In particular, he balked at the idea of repeated tight passes over any villages. Whenever helicopters surveyed the island too intently, he told us, village chiefs bombarded the pilots with demands for compensation. Anyone traversing their airspace without payment, they claimed, was trespassing.
Makili explained the dolphin situation—at least 1,500 animals gone during the past two weeks—and eventually Hamilton settled into the idea of flying over the area, using a recent tsunami as a cover. He was shaken by the dolphin news: “I heard something about that on the radio,” he said, wiping his brow. “But I didn’t believe it. I mean, to kill a thousand dolphins in one day seems impossible.”
“Nah,” Makili said, shaking his head. “They can do more than that.”
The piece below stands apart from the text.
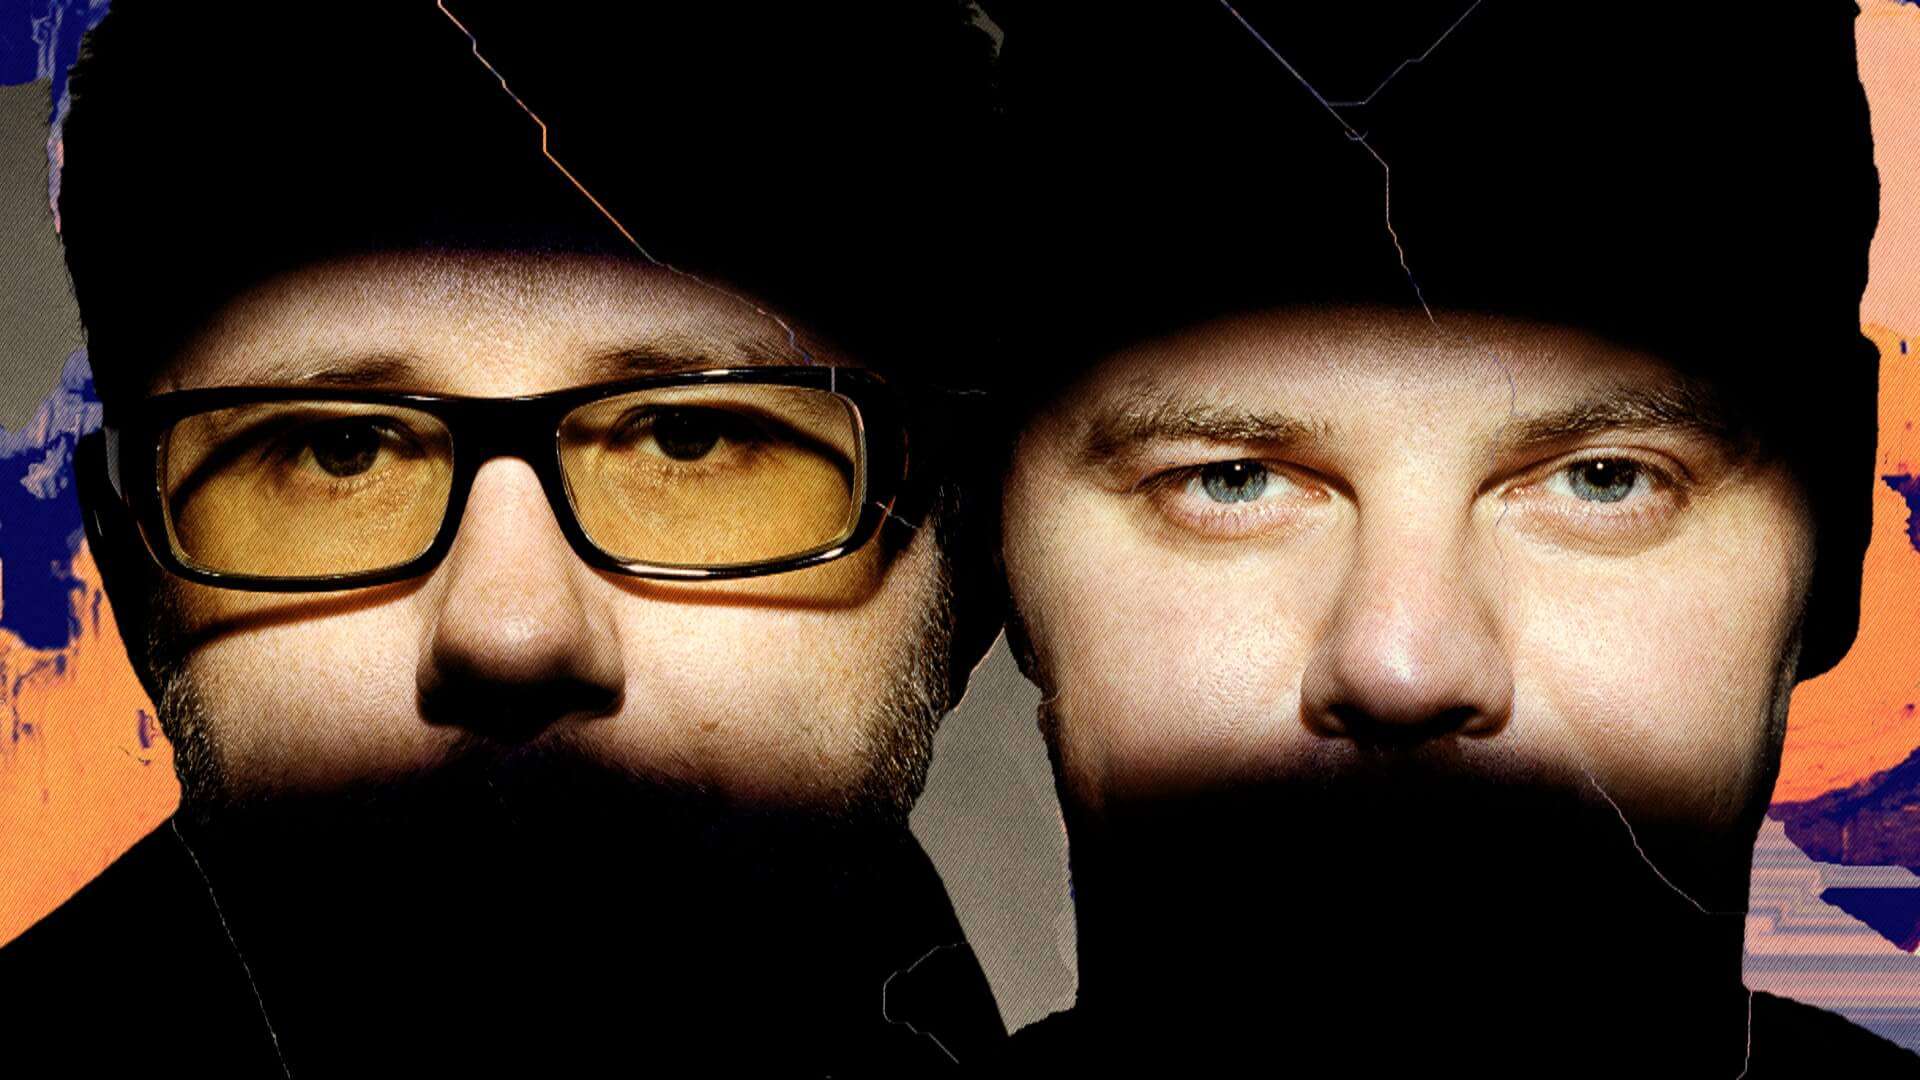 The Chemical Brothers share video for new single, ‘No Reason’: Listen

It was O’Barry who had suggested the flyover, describing the alternative—an overnight boat ride—as a never-ending ordeal. Having already endured a four-hour cruise in these waters, I wasn’t eager to repeat the experience at length. Though air travel around the Solomons is patchy in general, it hadn’t been hard to find a helicopter company here, because of the mining and logging interests. Booking Hamilton, I’d felt, was the right approach. I didn’t want to hang out with expert dolphin-killers, much less listen to their grievances. To date, I’d managed to avoid malaria and dengue fever and I preferred to keep it that way. I was completely fine with buzzing Malaita rather than hacking across its hinterlands. One backpackers’ guide had cautioned even the most intrepid adventure seekers to think twice about that island, referring to it as “the world’s end.” I had also read that in some Malaitan settlements it was a grave insult for women to show up wearing clothes: females had to visit naked. This didn’t sound overly appealing.